Argument | Type | Required | Notes |
---|---|---|---|
image_id | UUID | required | UUID of the verifying face |
source_image_path | image | required | file to be verified. Image can pass from url, local path or bytes. Max size is 5Mb |
target_image_path | image | required | reference file to check the source file. Image can pass from url, local path or bytes. Max size is 5Mb |
options | string | Object | ExpandedOptionsDict object can be used in this method.
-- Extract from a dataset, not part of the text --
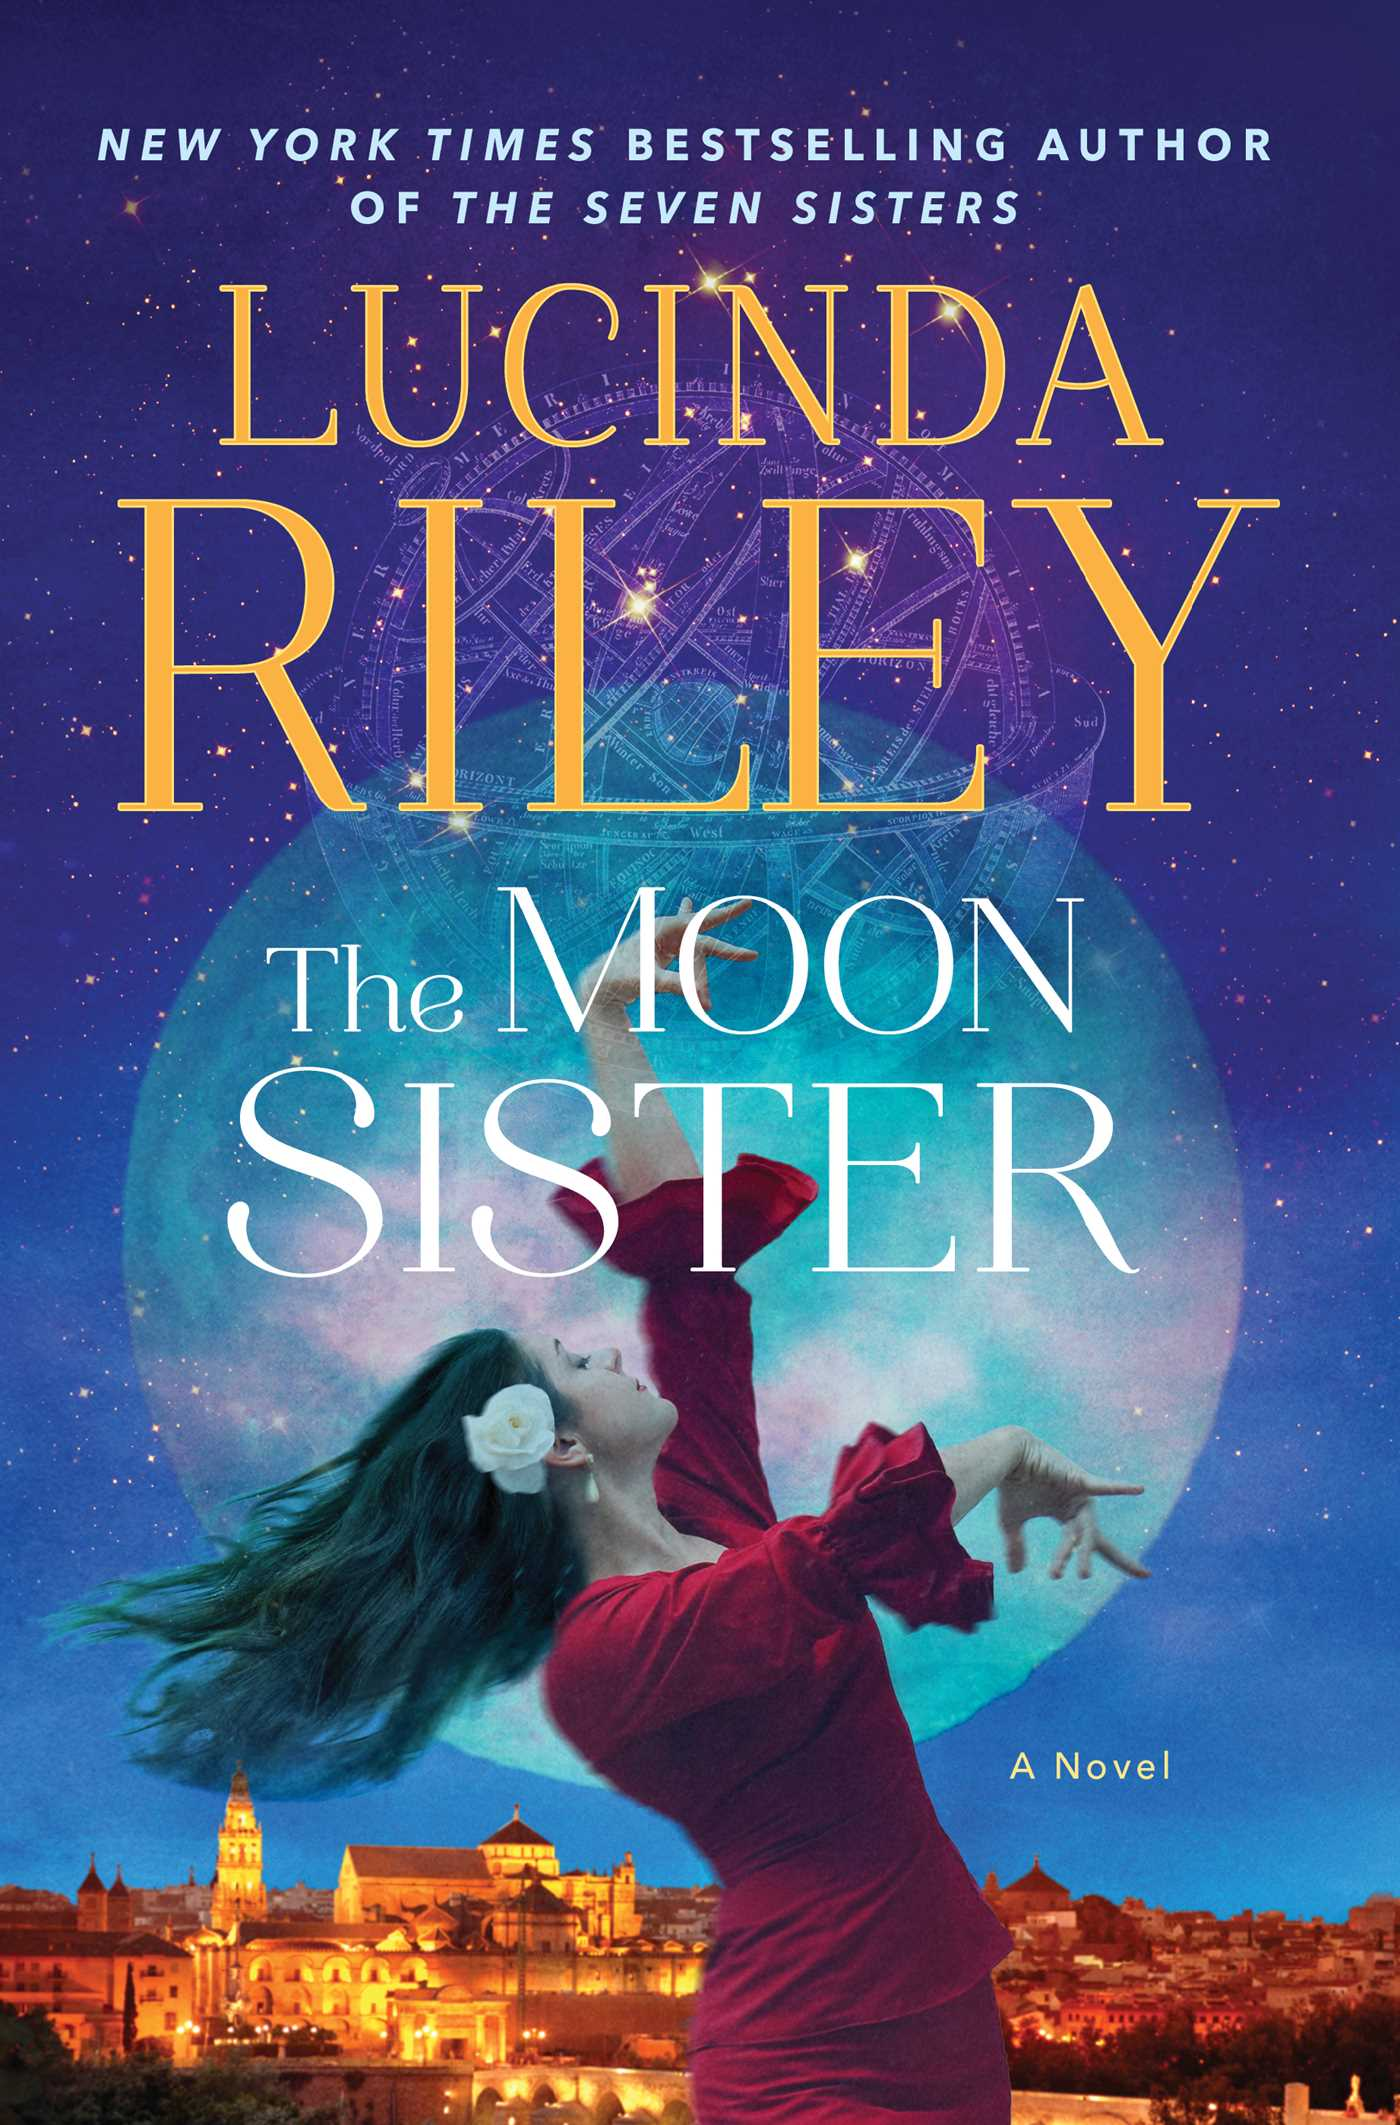 The moon sister 9781982110611 hr

See more here. |
Response:
{
"result" : [{
"source_image_face" : {
"age" : {
"probability": 0.9308982491493225,
"high": 32,
"low": 25
},
"gender" : {
"probability": 0.9898611307144165,
"value": "female"
},
"mask" : {
"probability": 0.9999470710754395,
"value": "without_mask"
},
"embedding" : [ -0.0010271212086081505, "...", -0.008746841922402382 ],
"box" : {
"probability" : 0.9997453093528748,
"x_max" : 205,
"y_max" : 167,
"x_min" : 48,
"y_min" : 0
},
"landmarks" : [ [ 92, 44 ], [ 130, 68 ], [ 71, 76 ], [ 60, 104 ], [ 95, 125 ] ],
"execution_time" : {
"age" : 85.0,
"gender" : 51.0,
"detector" : 67.0,
"calculator" : 116.0,
"mask": 36.0
}
},
"face_matches": [
{
"age" : {
"probability": 0.9308982491493225,
"high": 32,
"low": 25
},
"gender" : {
"probability": 0.9898611307144165,
"value": "female"
},
"mask" : {
"probability": 0.9999470710754395,
"value": "without_mask"
},
"embedding" : [ -0.049007344990968704, "...", -0.01753818802535534 ],
"box" : {
"probability" : 0.99975,
"x_max" : 308,
"y_max" : 180,
"x_min" : 235,
"y_min" : 98
},
"landmarks" : [ [ 260, 129 ], [ 273, 127 ], [ 258, 136 ], [ 257, 150 ], [ 269, 148 ] ],
"similarity" : 0.97858,
"execution_time" : {
"age" : 59.0,
"gender" : 30.0,
"detector" : 177.0,
"calculator" : 70.0,
"mask": 36.0
}
}],
"plugins_versions" : {
"age" : "agegender.AgeDetector",
"gender" : "agegender.GenderDetector",
"detector" : "facenet.FaceDetector",
"calculator" : "facenet.Calculator",
"mask": "facemask.MaskDetector"
}
}]
}
Element | Type | Description |
---|---|---|
source_image_face | object | additional info about source image face |
face_matches | array | result of face verification |
age | object | detected age range. Return only if age plugin is enabled |
gender | object | detected gender. Return only if gender plugin is enabled |
mask | object | detected mask. Return only if face mask plugin is enabled. |
embedding | array | face embeddings. Return only if calculator plugin is enabled |
box | object | list of parameters of the bounding box for this face |
probability | float | probability that a found face is actually a face |
x_max, y_max, x_min, y_min | integer | coordinates of the frame containing the face |
landmarks | array | list of the coordinates of the frame containing the face-landmarks. Return only if landmarks plugin is enabled |
similarity | float | similarity between this face and the face on the source image |
execution_time | object | execution time of all plugins |
plugins_versions | object | contains information about plugin versions |
Contributing
Contributions are what make the open source community such an amazing place to be learn, inspire, and create. Any contributions you make are greatly appreciated.
- Fork the Project
- Create your Feature Branch (
git checkout -b feature/AmazingFeature
) - Commit your Changes (
git commit -m 'Add some AmazingFeature'
) - Push to the Branch (
git push origin feature/AmazingFeature
) - Open a Pull Request
After creating your first contributing pull request, you will receive a request to sign our Contributor License Agreement by commenting your pull request with a special message.
Report Bugs
Please report any bugs here.
If you are reporting a bug, please specify:
- Your operating system name and version
- Any details about your local setup that might be helpful in troubleshooting
- Detailed steps to reproduce the bug
Submit Feedback
The best way to send us feedback is to file an issue at https://github.com/exadel-inc/compreface-python-sdk/issues.
If you are proposing a feature, please:
- Explain in detail how it should work.
- Keep the scope as narrow as possible to make it easier to implement.
License info
CompreFace Python SDK is open-source facial recognition SDK released under the Apache 2.0 license.